Bloody Mary

Bob and Patti's No Wake Zone, 6901-05 South Broadway, 314-352-8989

Gazpacho with vodka? Leftover veggie tomato stew with some twang? Chunky tomato juice? What is this thing Patti and Bob Kamadulski have unveiled on south South Broadway, this contraption, this virtual taste machine? It's crunchy and spicy and tart, a mess of red and green pickled vegetation, a smorgasbord in a glass. It's a vision, a culinary affirmation, a celebration of the possible.

Here we stand atop our town-square wooden stool, powdered wig askew, parchment proclamation unfurled: "The best Bloody Mary in the city is hereby recognized to be served in Lemay, on South Broadway at Loughborough, at a joint called Bob and Patti's No Wake Zone!"

Lo, no small feat. Oceans of sweat and tears have been expended in the search for this holy grail, and every self-respecting mixer develops his or her own magical drop of signature something that sets their Mary apart from those of their colleagues, be it ground shrimp or garlic or pickled onions or spicy peppers or sea salt or whipped cream (just kidding) or lemon or oyster juice.

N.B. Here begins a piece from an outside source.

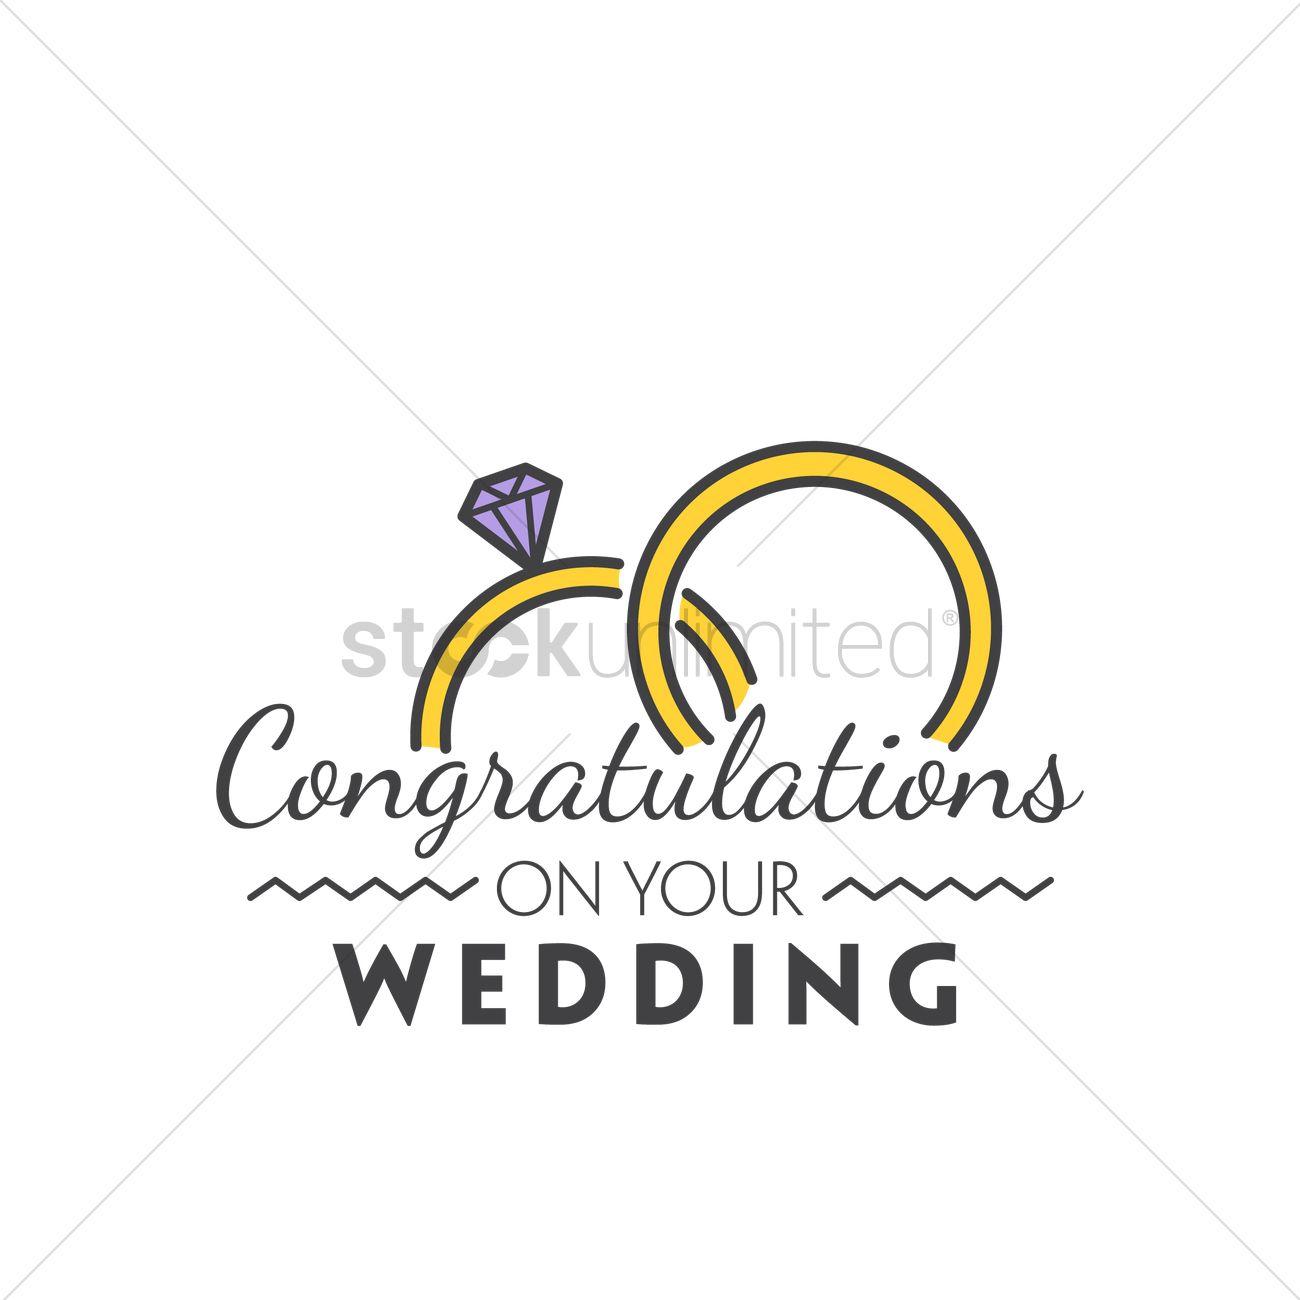 Congratulations On Your Wedding Vector Image 1791227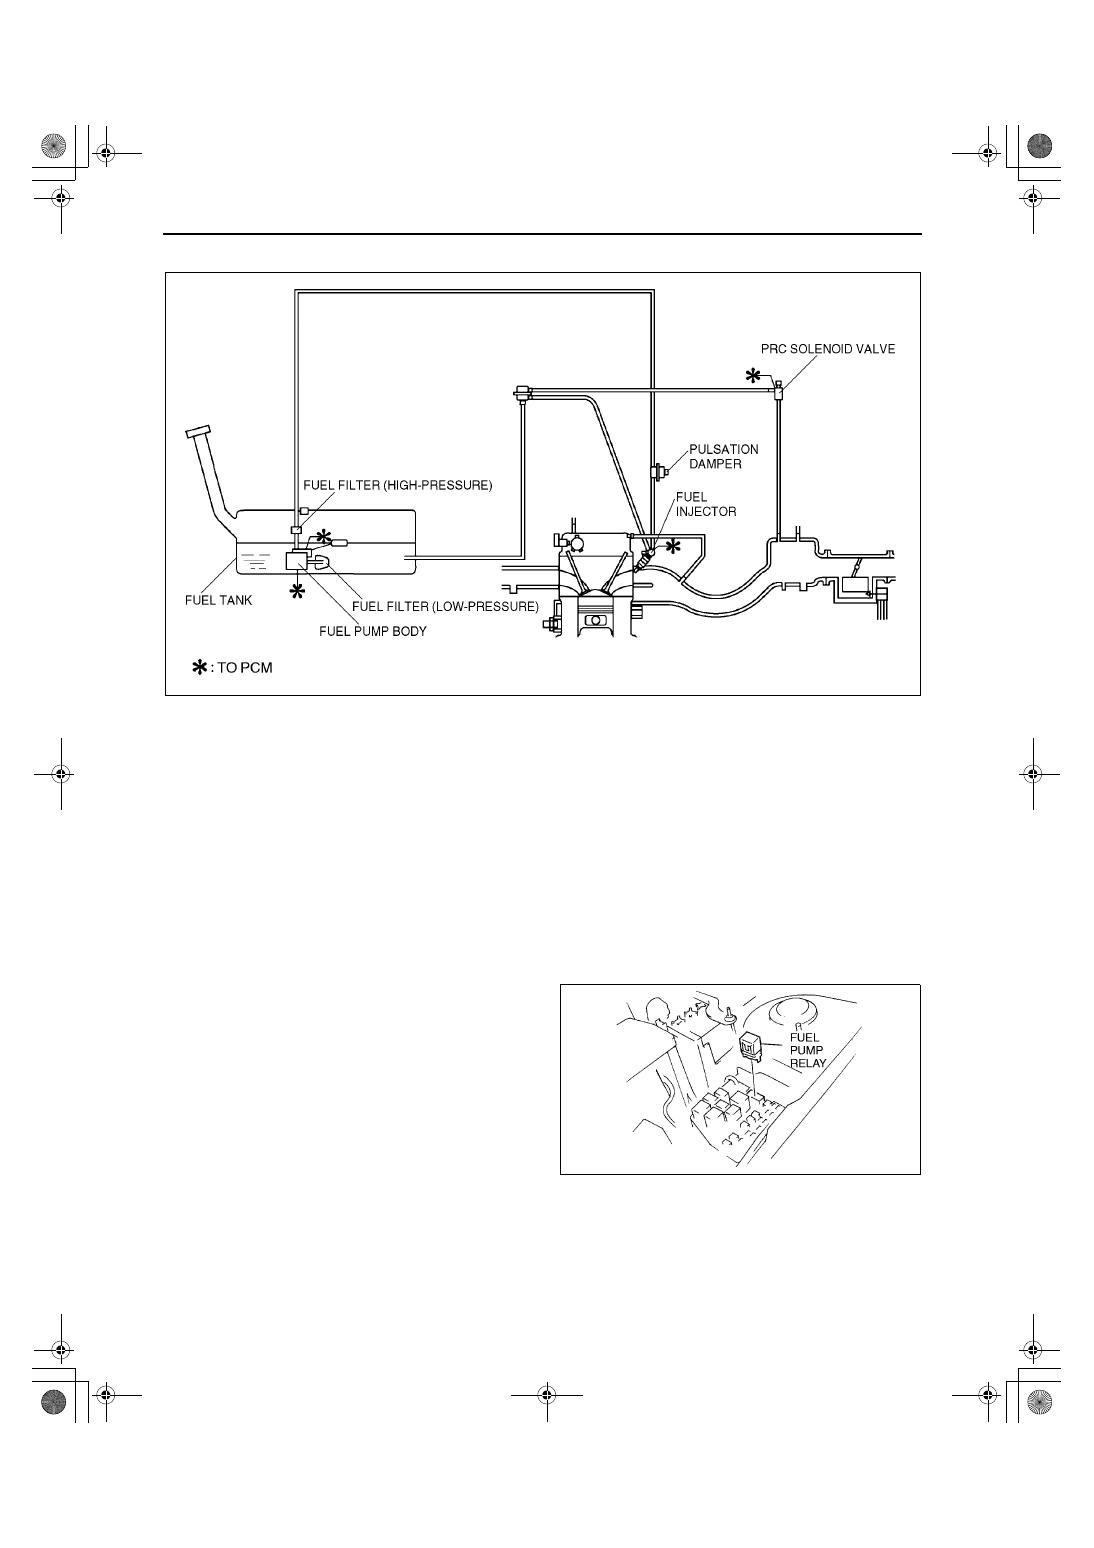 Mazda Protege 5 Manual Part 144 Fuel Filter Location System

And they can't all be right, can they?

No, they can't. Only one can be exactly right.

The No Wake Zone is an odd moniker. (Are they all asleep? Are the waters still? No funerals allowed?) Within, a standard South City establishment: A-B rules the taps (and the coolers and the walls and the ceiling). A few nights before St. Pat's, Budweiser shamrocks line the bar; if you've got $2 and feel like gussying yourself up, buy some shamrock suspenders, a sure hit with the ladies. Perfection is born in the most unassuming places.

Order a Bloody Mary, and Patti, a sparkle of a woman, will pull out a little basket, her works: three squeeze bottles, containing horseradish and Tabasco and Worcestershire sauces; celery salt; olives; pickled asparagus; dill-pickle spears; a five-and-a-half-ounce can of Campbell's tomato juice. And the secret weapon: Twang -- a chili salt consisting of natural lemon and lime essences mixed with three types of chili powder.

Patti coats the rim of the glass with Twang, then mixes, drops in the pickled things, stirs and presents the chalice with the confidence of someone who just knows.

"What I do is" she adds majestically, "I take my pickle and I rub it in the Twang and eat it like that. Then it becomes lunch." Price: four bucks.

Fans of all things pickled will feel like Homer Simpson in the Land of Doughnuts, plucking and frolicking and munching and leaping and gobbling, giddy at the joy of sampling asparagus, then crunching on a dill pickle, then -- sure, why not? -- skewering a green olive with the red cocktail straw before following it all up with a slurp. (Those unfortunate souls who dislike asparagus can instead opt for a pickled green bean.) Lick the rim; feel the power of lemon-lime chili salt. Feel alive. Feel victorious.